- **Data**
= Beginning of Section =

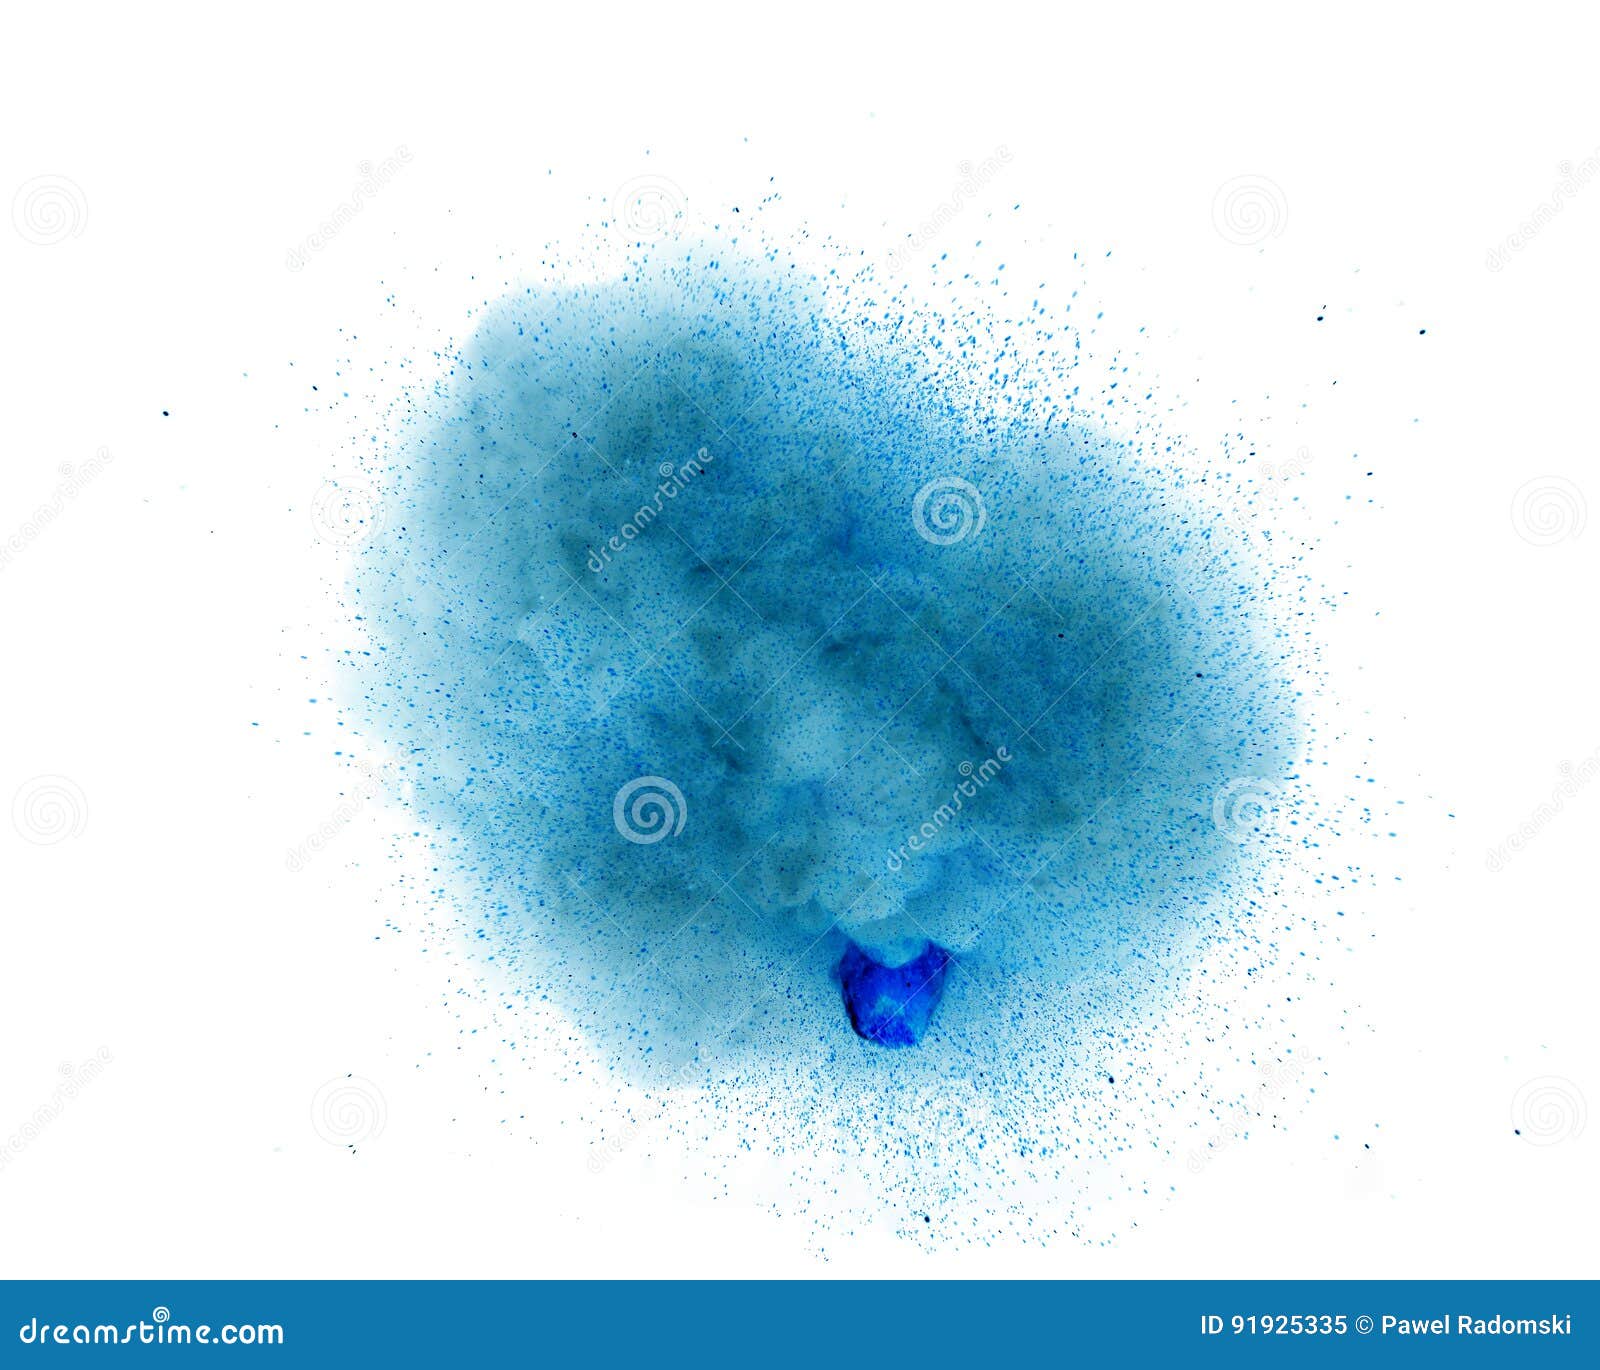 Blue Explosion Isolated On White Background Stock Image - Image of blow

= End of Section =
= Beginning of Section =

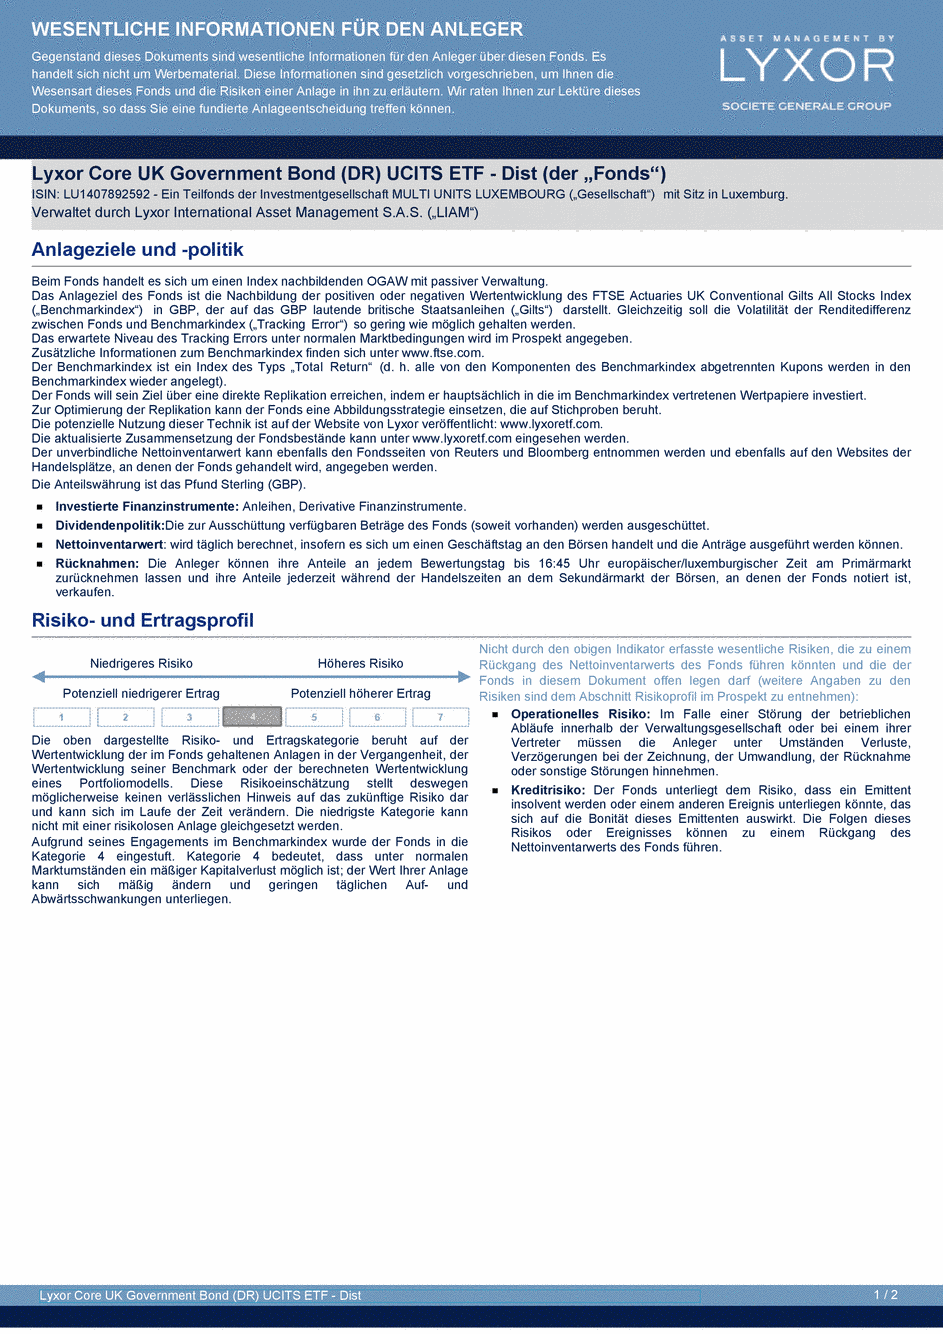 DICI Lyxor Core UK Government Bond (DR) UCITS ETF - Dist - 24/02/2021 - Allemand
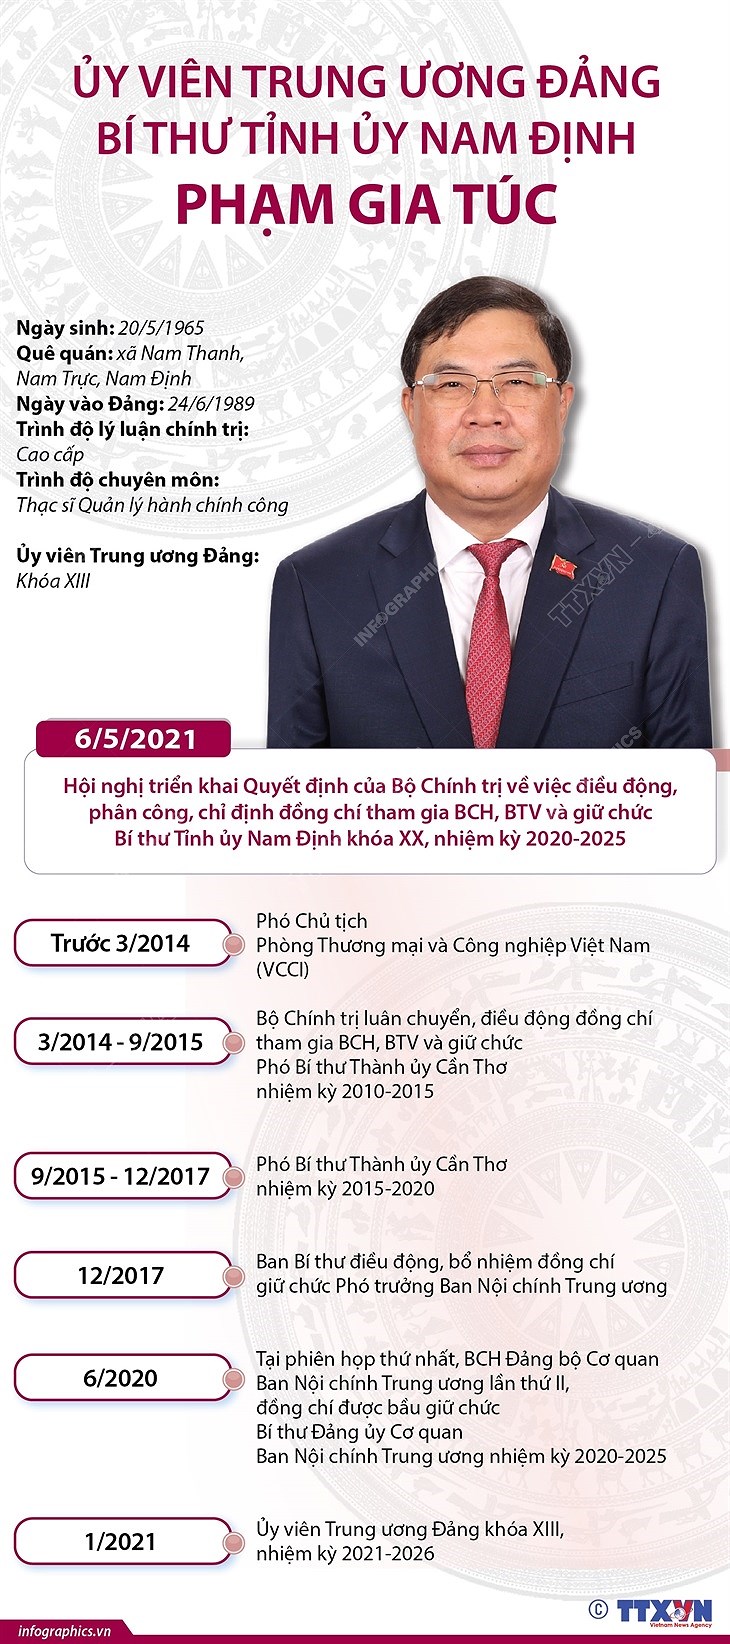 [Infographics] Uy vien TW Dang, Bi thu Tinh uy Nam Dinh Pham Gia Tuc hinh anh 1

= End of Section =
= Beginning of Section =

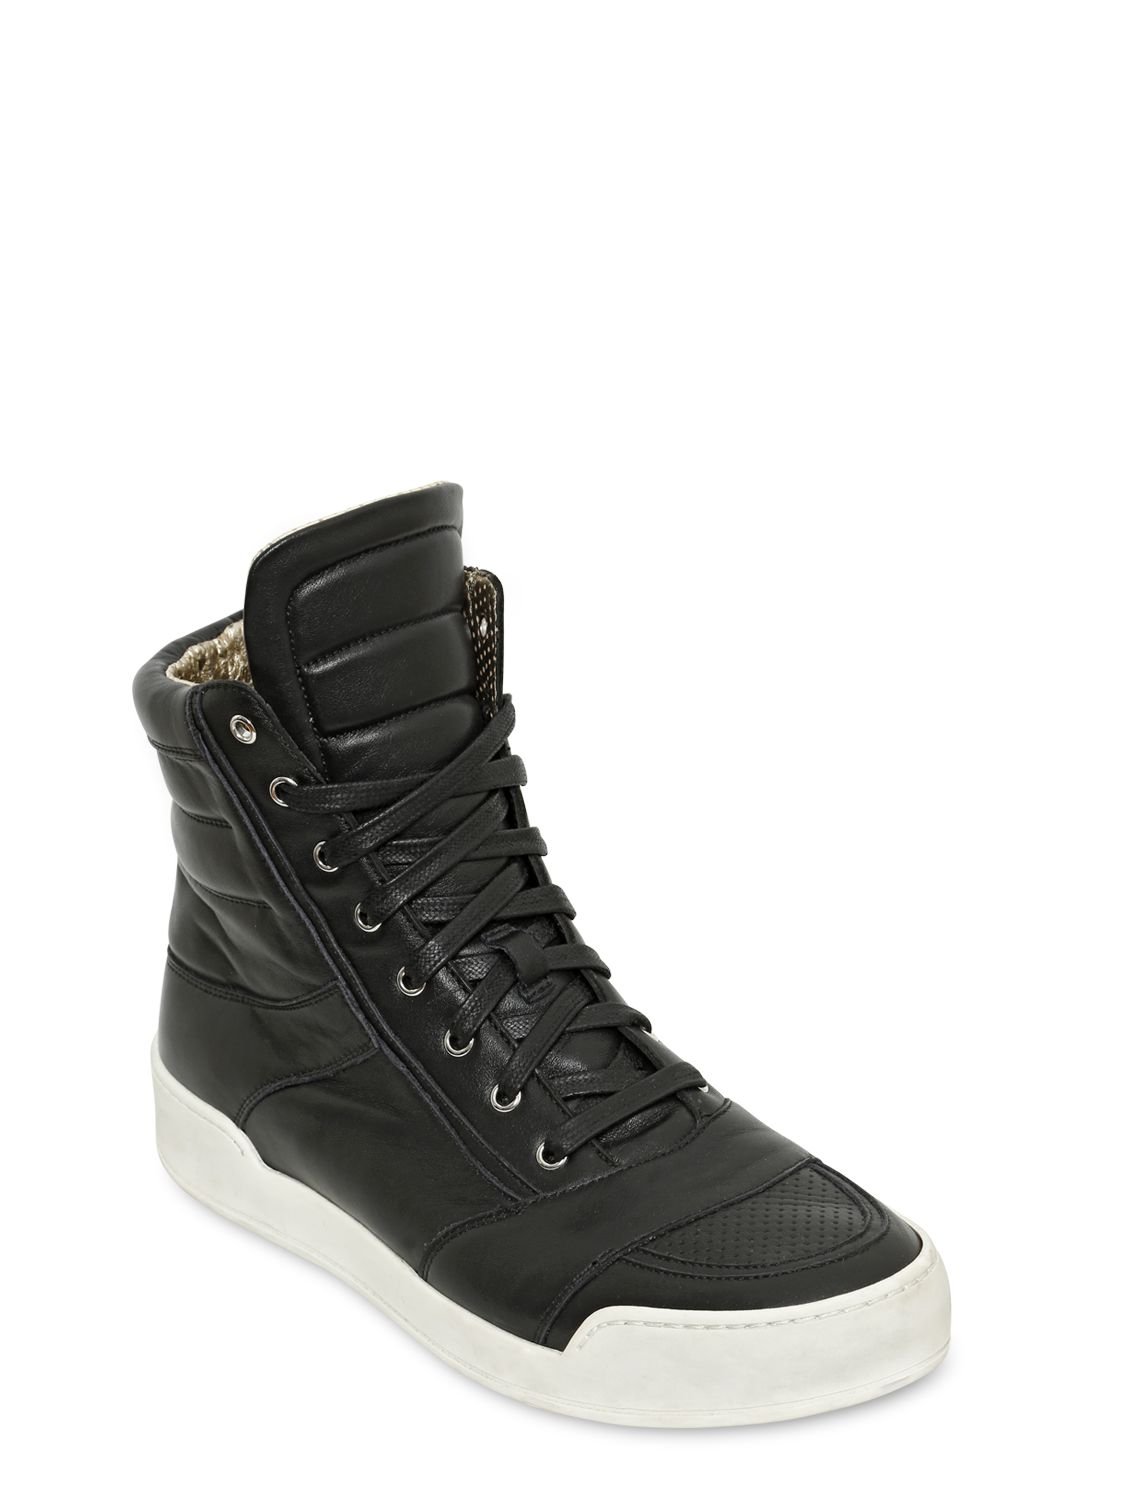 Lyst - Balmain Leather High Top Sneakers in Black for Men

= End of Section =

- **Work to be completed**
What should come back is an exact copy of the lines above from the line with "DICI Lyxor Core" to the line with "[Infographics] Uy vien", both included, minus the pictures.

- **Task answer**
 DICI Lyxor Core UK Government Bond (DR) UCITS ETF - Dist - 24/02/2021 - Allemand
 [Infographics] Uy vien TW Dang, Bi thu Tinh uy Nam Dinh Pham Gia Tuc hinh anh 1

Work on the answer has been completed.